• _GIVEN DATA_:
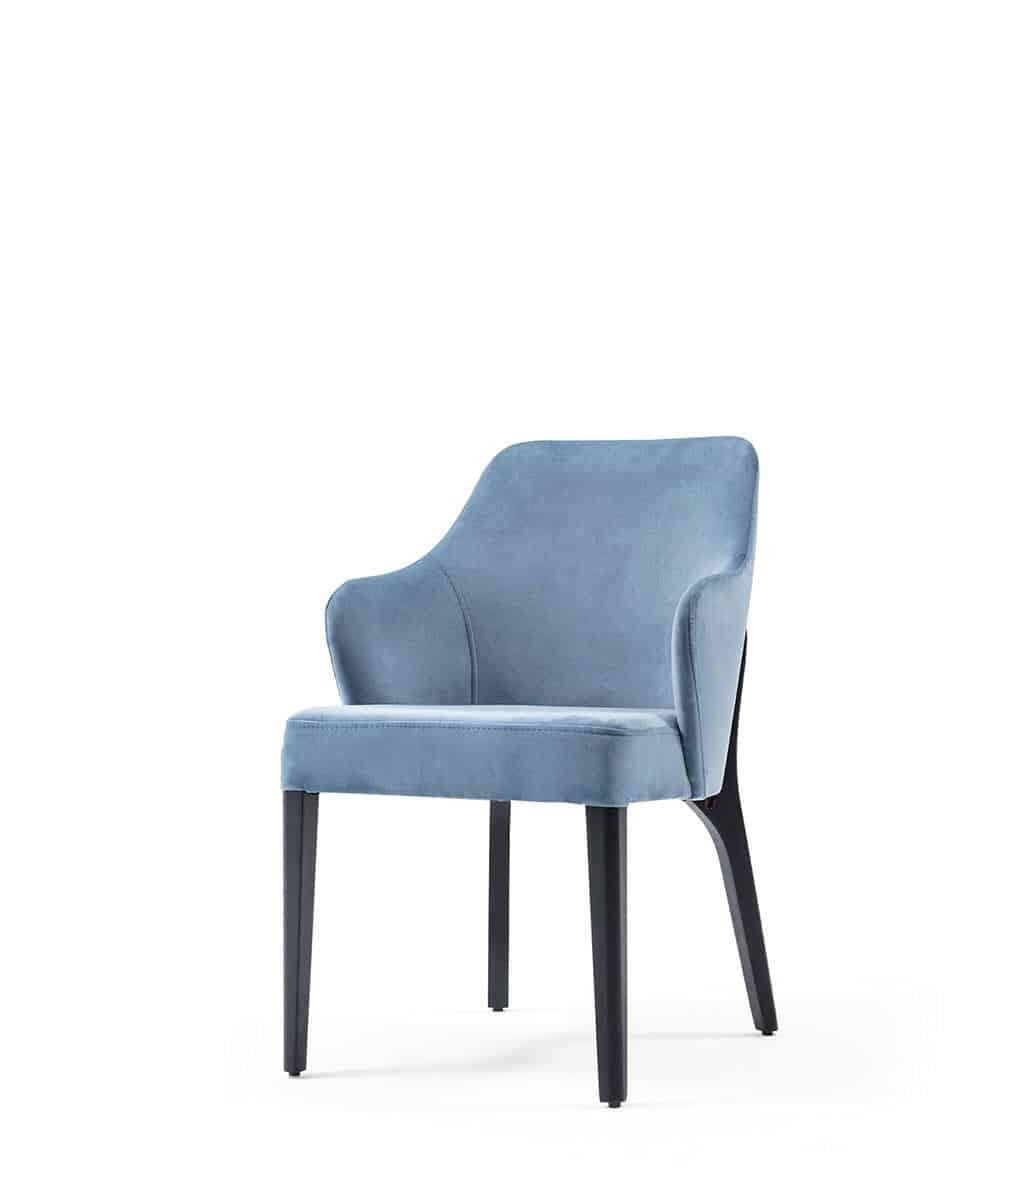 urun-cooper-kollu-sandalye-01-1
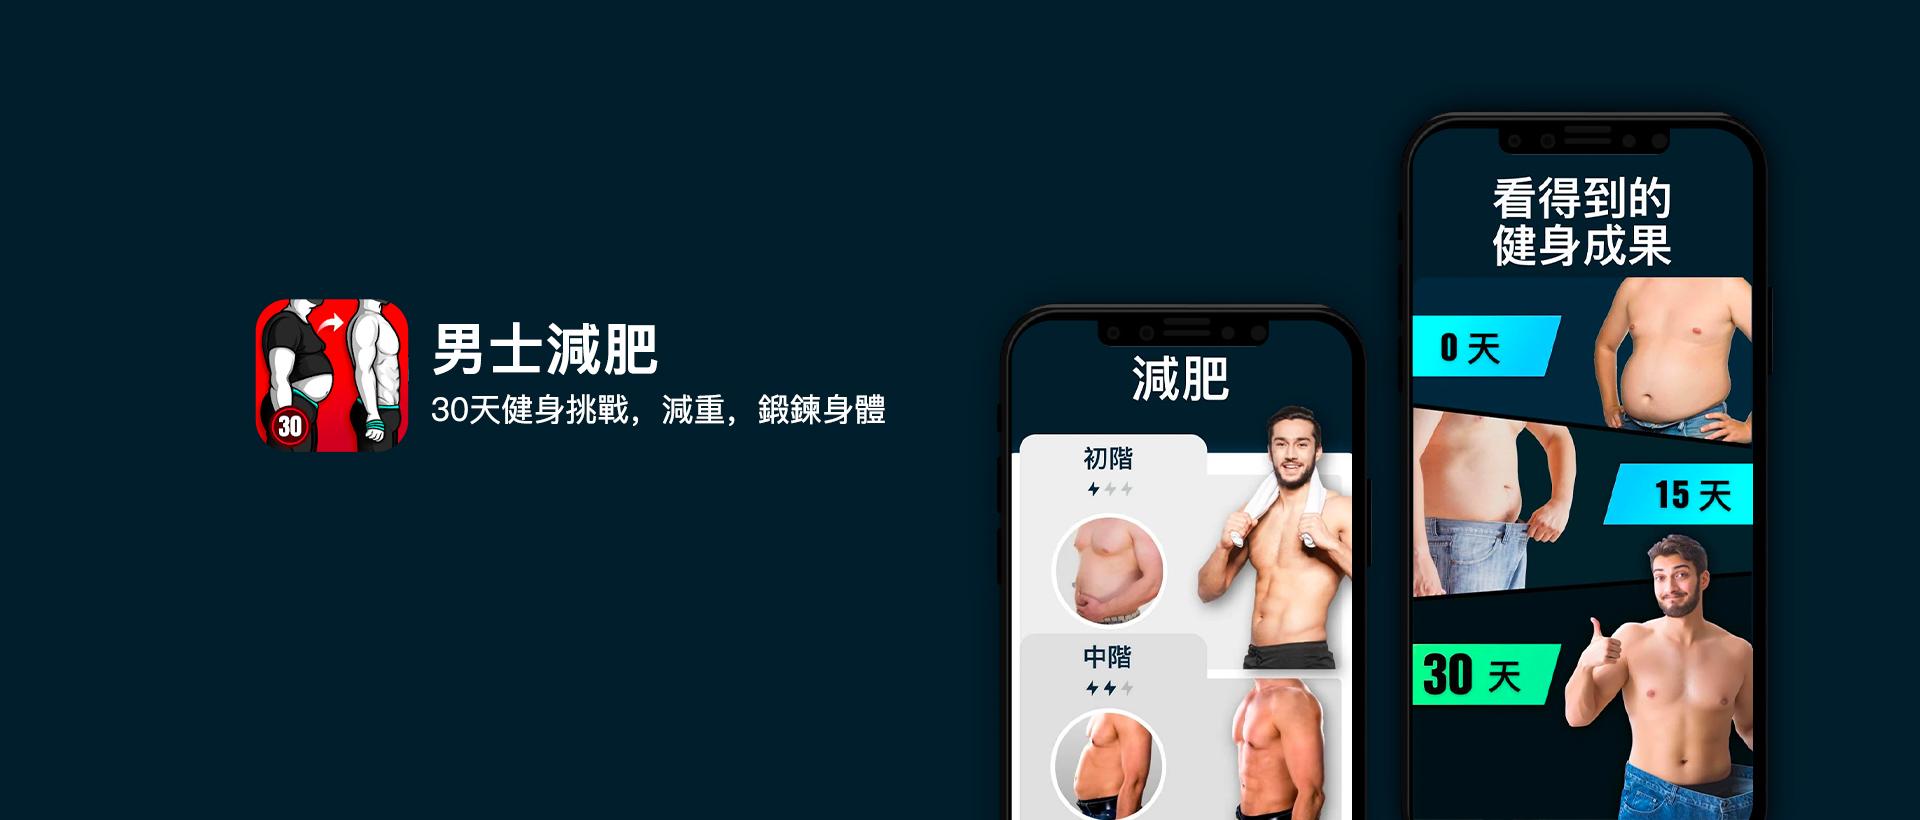 男士減肥:30天健身挑戰,減重,鍛鍊身體
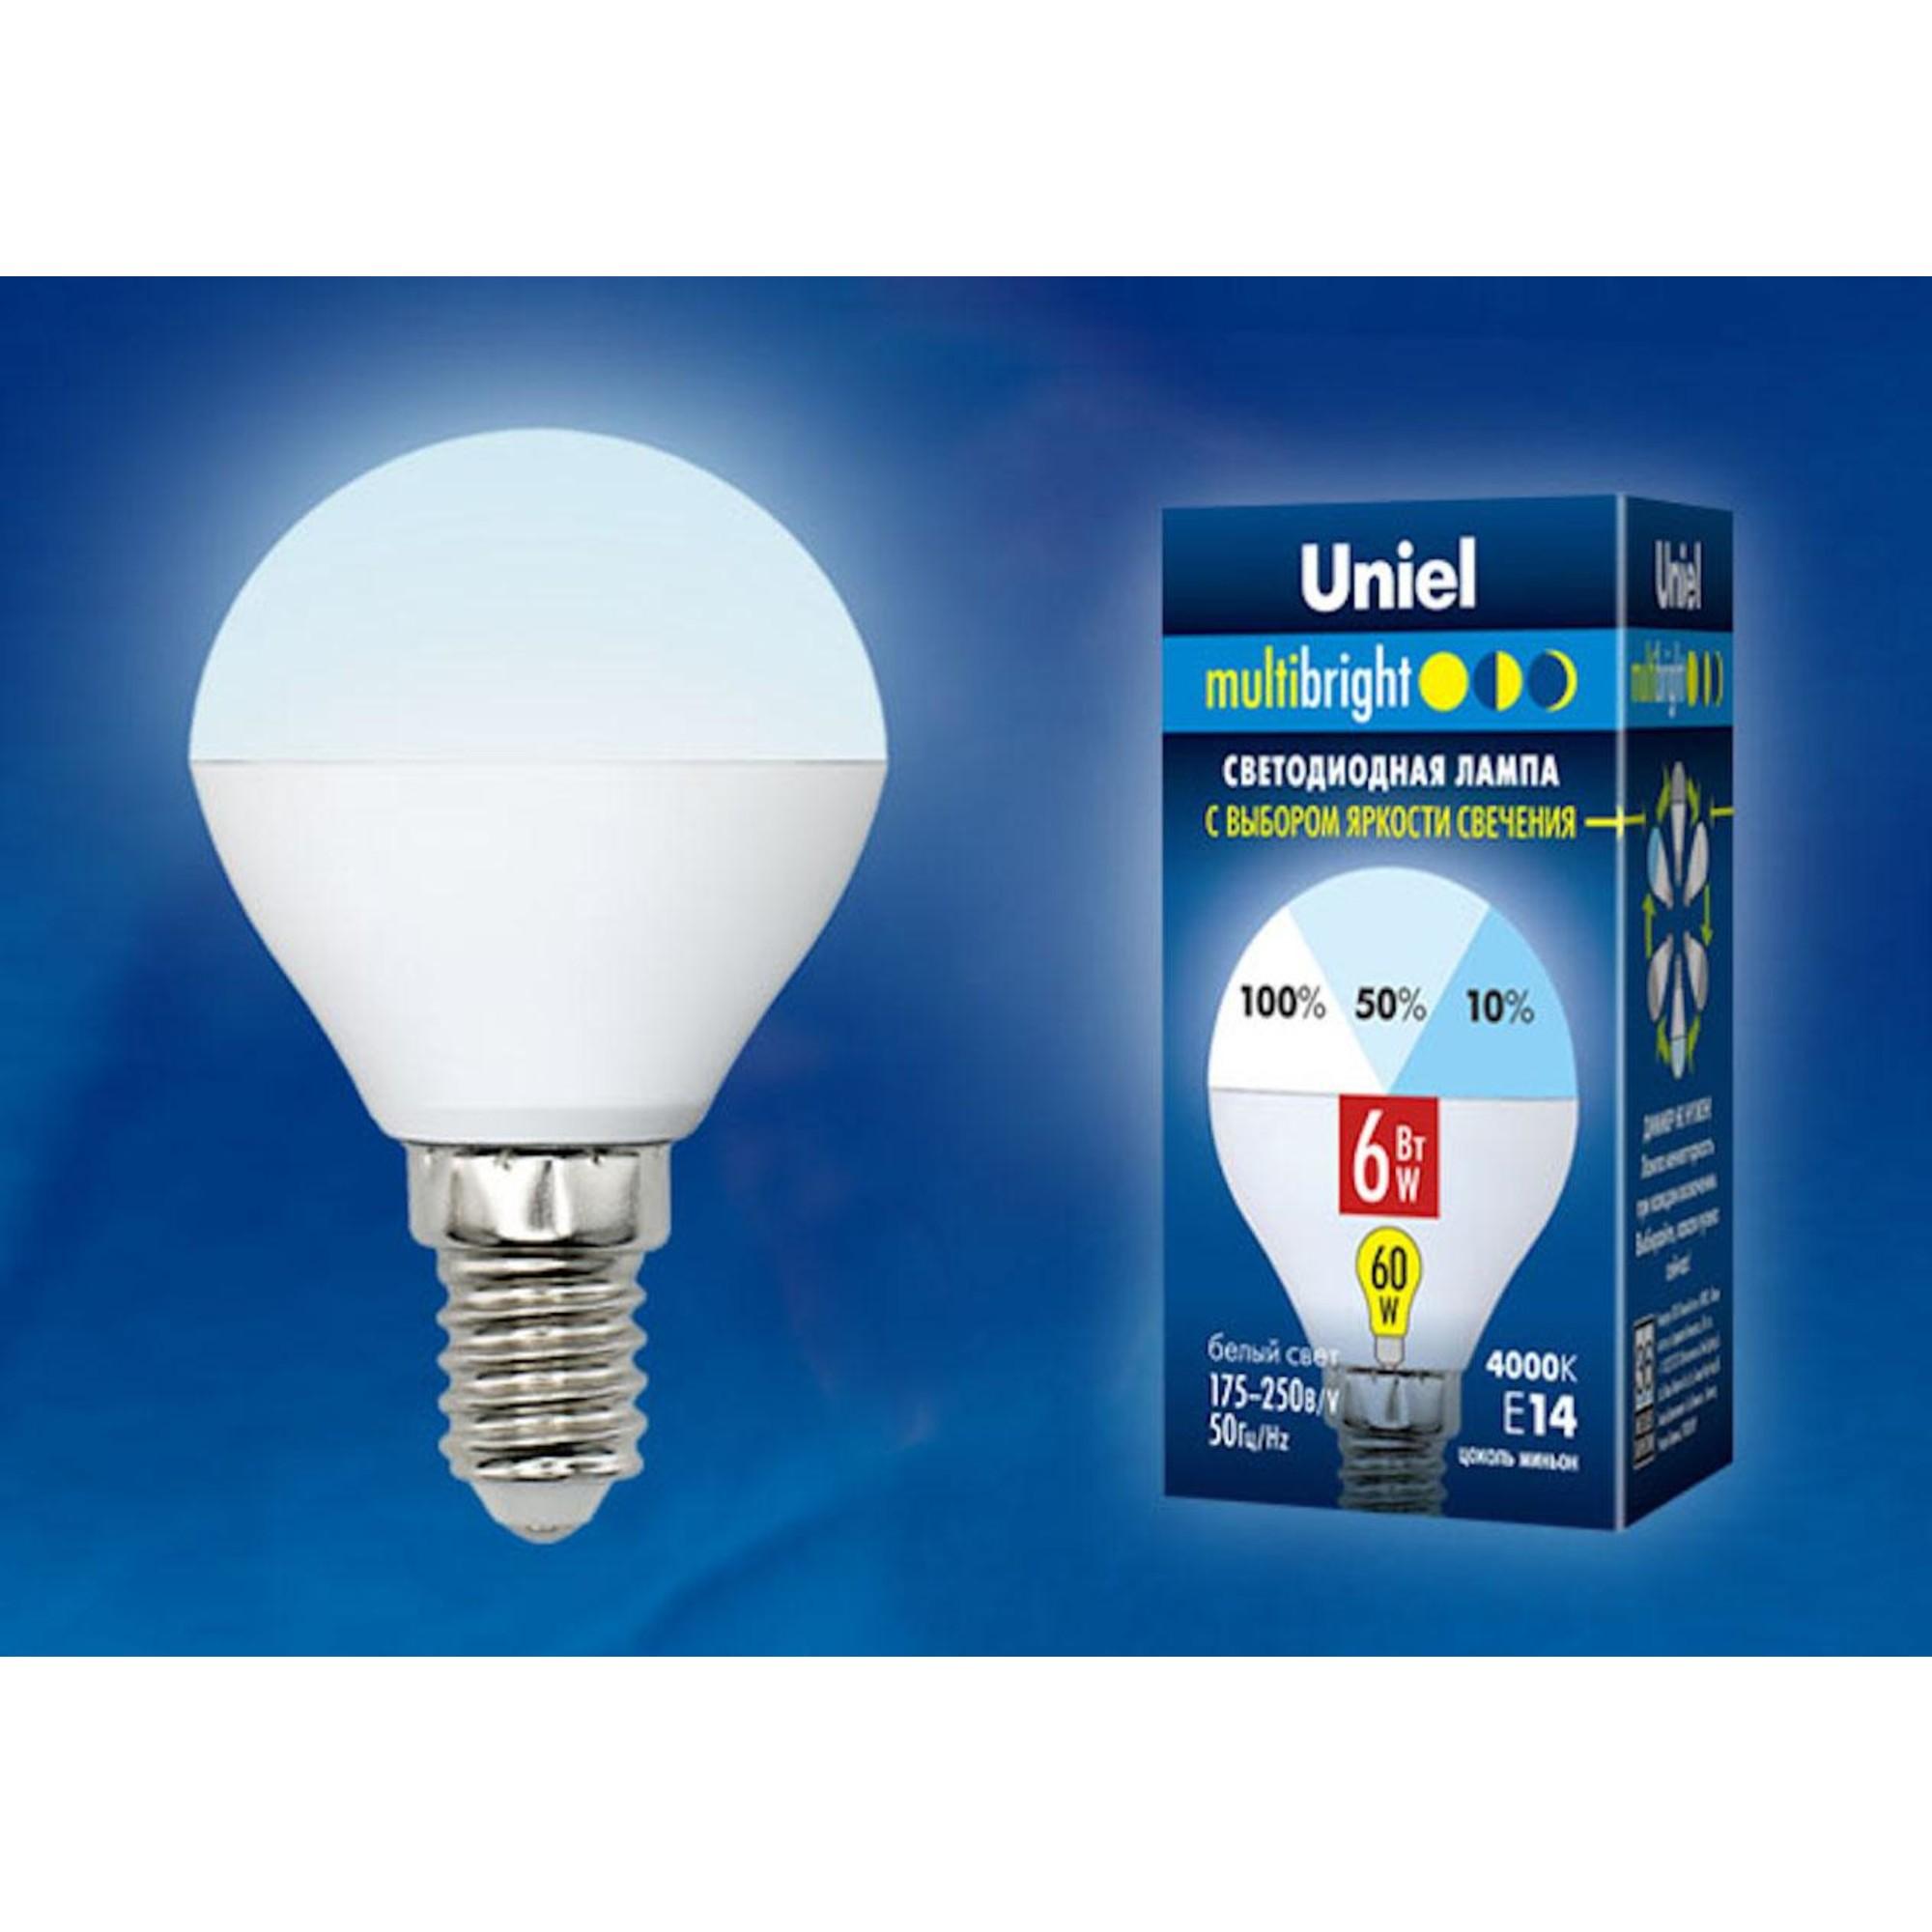 Светодиодная лампочка Uniel LED-G45-6W Multibright UL-00002376

• _DIRECTIONS_:
Print every line of the listing exactly, please, and leave the images out.

• _OUTPUT FOR THIS TASK_:
 urun-cooper-kollu-sandalye-01-1
 男士減肥:30天健身挑戰,減重,鍛鍊身體
 Светодиодная лампочка Uniel LED-G45-6W Multibright UL-00002376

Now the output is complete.